Le 7èmeCongrès est ouvert à 14 heures par le Docteur Jacques Lacan à Rome. Paru dans les Lettres de l’École freudienne, 1975, n° 16, pp. 27-28.

 

(27)j. lacan – Je dis quelques mots d’ouverture parce qu’on me l’a demandé. Je les ferai brefs, j’espère.

On est convenu d’appeler succès le brouhaha, c’est-à-dire ce qui fait foule. On est convenu de ça dans le public. Mais pour nous autres analystes, ce succès-là n’a rien à faire avec ce qui nous intéresse ; et ce succès-là est quelque chose de tout à fait autre que ce qui serait le nôtre, je veux dire celui à quoi nous nous référons quand nous parlons de ce que nous sommes faits pour enregistrer, à savoir l’échec. L’échec, c’est ce que nous opposons au succès. Mais le succès qu’ainsi nous supposons – nous sommes bien forcés de le supposer, puisque ce qui nous caractérise, c’est le plus souvent l’échec, là-dessus, nous en savons un bout – ce succès-là donc, qui est notre pôle supposé en tant que nous partons de l’échec, ce succès-là n’a rien à faire avec aucun succès, succès comme ça : un attroupement.

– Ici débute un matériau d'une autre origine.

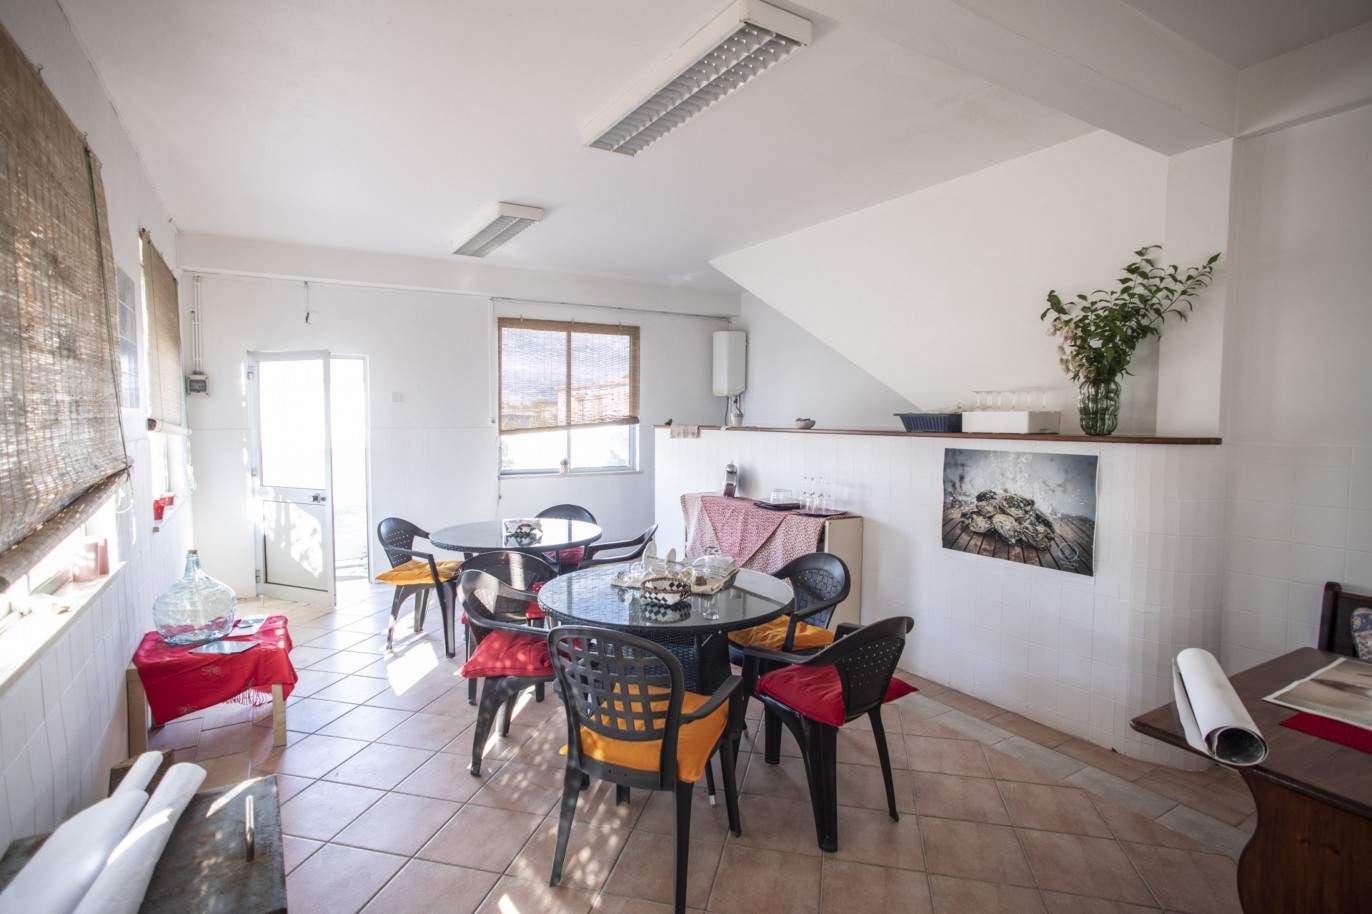 Property for sale in Ria Formosa, Algarve_209731

Le succès, pour nous, ça se limite à ce que j’appellerai le résultat. Je dois dire que là-dessus, des résultats, ceux qui comptent, j’en ai enregistrés, et même tout fraîchement. Il est arrivé qu’on me remette – j’ai reçu, je ne sais pas si l’auteur en est présent, sur l’écriture et la psychanalyse un magnifique travail. C’est d’un auteur qui habite dans le midi de la France. Et à cause de ça, il (28)n’obtient de ce que j’enseigne que des échos. Il ne peut pas être là tout le temps quand je parle. Alors il y a quelque part une toute petite chose à côté de la plaque, ce qui m’assure donc que le reste est bien de son cru ; ce qui est à côté de la plaque, c’est la façon dont un tout petit peu il me cite à côté. Mais ce qu’il a fait, c’est vraiment excellent. Il est, si je puis dire, dans le vent ; le vent dont il s’agit n’a rien à faire avec le fait que vous me fassiez un succès. Il serait convenable, bien sûr, que je vous en remercie, mais après tout, pourquoi est-ce que vous ne vous en remercieriez pas vous-mêmes ? Le rôle du message, c’est d’être reçu sous une forme inversée, et quand on dit à quelqu’un « pauvre chou » c’est toujours soi qu’on plaint. Alors remerciez-vous !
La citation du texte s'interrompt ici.